GRUB2 is v2 of the GRand Unified Bootloader (see here for the manual).
It is used to load the main operating system of a computer.
Usually on Linux virtual machines, GRUB is used to load Linux. It is possible to install GRUB on machines that then boot into Windows.

What is Secure Boot?

There are commonly two boot methods: “Legacy Boot” and “Secure Boot” (a.k.a UEFI boot).
Until Secure Boot was invented, the bootloader would sit in a designated location on the hard disk and would be executed by the computer BIOS to start the chain of processes for the computer start up.
This is clearly quite insecure, since any program could put itself at the designated location and then be executed at boot up.

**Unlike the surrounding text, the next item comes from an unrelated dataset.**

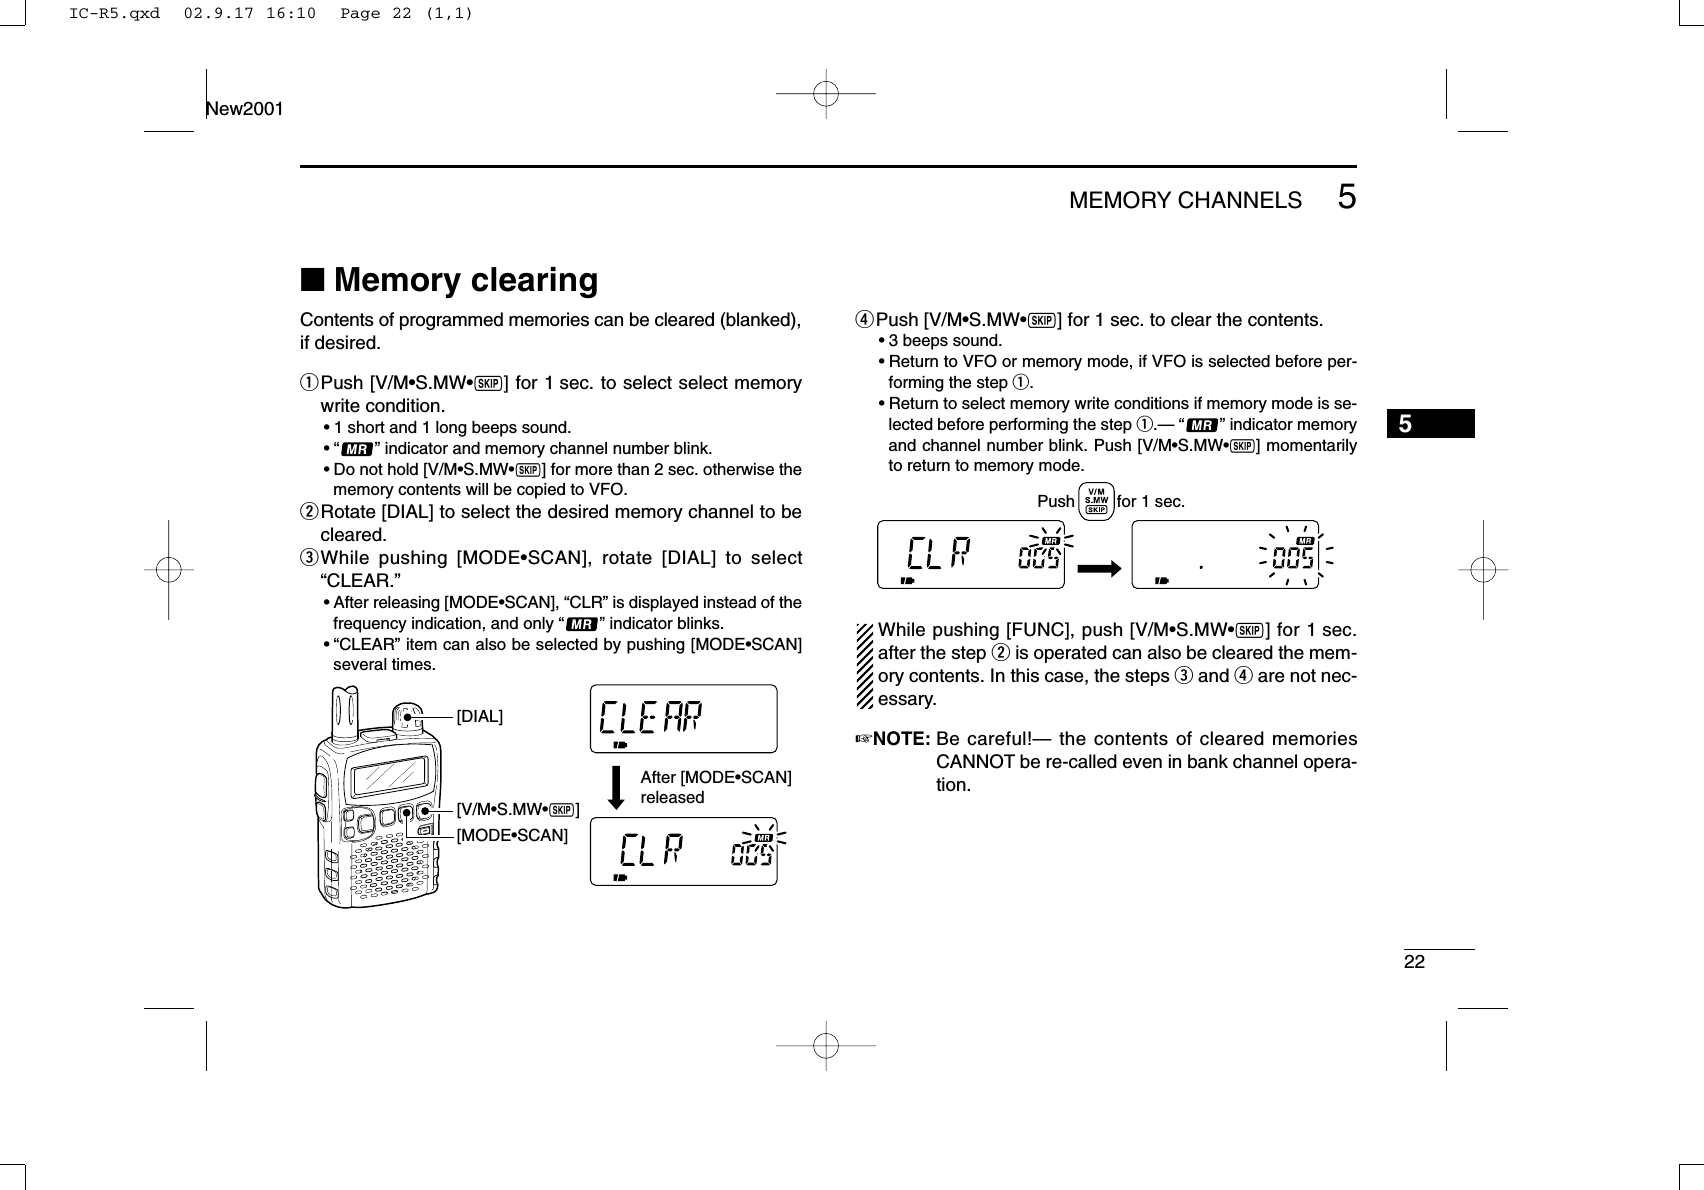 225MEMORY CHANNELSNew20015■Memory clearingContents of programmed memories can be cleared (blanked),if desired.qPush [V/M•S.MW•~] for 1 sec. to select select memorywrite condition.•1 short and 1 long beeps sound.•“ ” indicator and memory channel number blink.•Do not hold [V/M•S.MW•~] for more than 2 sec. otherwise thememory contents will be copied to VFO.wRotate [DIAL] to select the desired memory channel to becleared.eWhile pushing [MODE•SCAN], rotate [DIAL] to select“CLEAR.”•After releasing [MODE•SCAN], “CLR” is displayed instead of thefrequency indication, and only “” indicator blinks.•“CLEAR” item can also be selected by pushing [MODE•SCAN]several times.rPush [V/M•S.MW•~] for 1 sec. to clear the contents.•3 beeps sound.•Return to VFO or memory mode, if VFO is selected before per-forming the step q.•Return to select memory write conditions if memory mode is se-lected before performing the step q.— “” indicator memoryand channel number blink. Push [V/M•S.MW•~] momentarilyto return to memory mode.While pushing [FUNC], push [V/M•S.MW•~] for 1 sec.after the step wis operated can also be cleared the mem-ory contents. In this case, the steps eand rare not nec-essary.☞NOTE: Be careful!— the contents of cleared memoriesCANNOT be re-called even in bank channel opera-tion.Push         for 1 sec.[V/M•S.MW•~][MODE•SCAN][DIAL]After [MODE•SCAN] releasedIC-R5.qxd  02.9.17 16:10  Page 22 (1,1)

With Secure Boot, certificates are used to secure the boot process chain.
As with any certificate based process, at the top (root) level there needs to exist a certificate which is valid for many years and is ultimately trusted – the Certificate Authority (CA).
The next levels in the chain trust that CA certificate implicitly and if any point in the chain is compromised, then the trust is broken and will need re-establishing with new certificates.
Depending which level of the chain is compromised, will dictate the amount of effort needed to fix it.

This BootHole vulnerability means a new CA certificate needs to be implemented in every machine that uses Secure Boot!

But the attackers Need Root?

Yes, the vulnerability is in a GRUB2 configuration text file owned by the root user. Additional text added to the file can cause the buffer overflow.
Once the attacker has used malware to instigate the overflow, and installed a malicious bootloader, they then have a backdoor to the server, which would be executed every time the server is rebooted.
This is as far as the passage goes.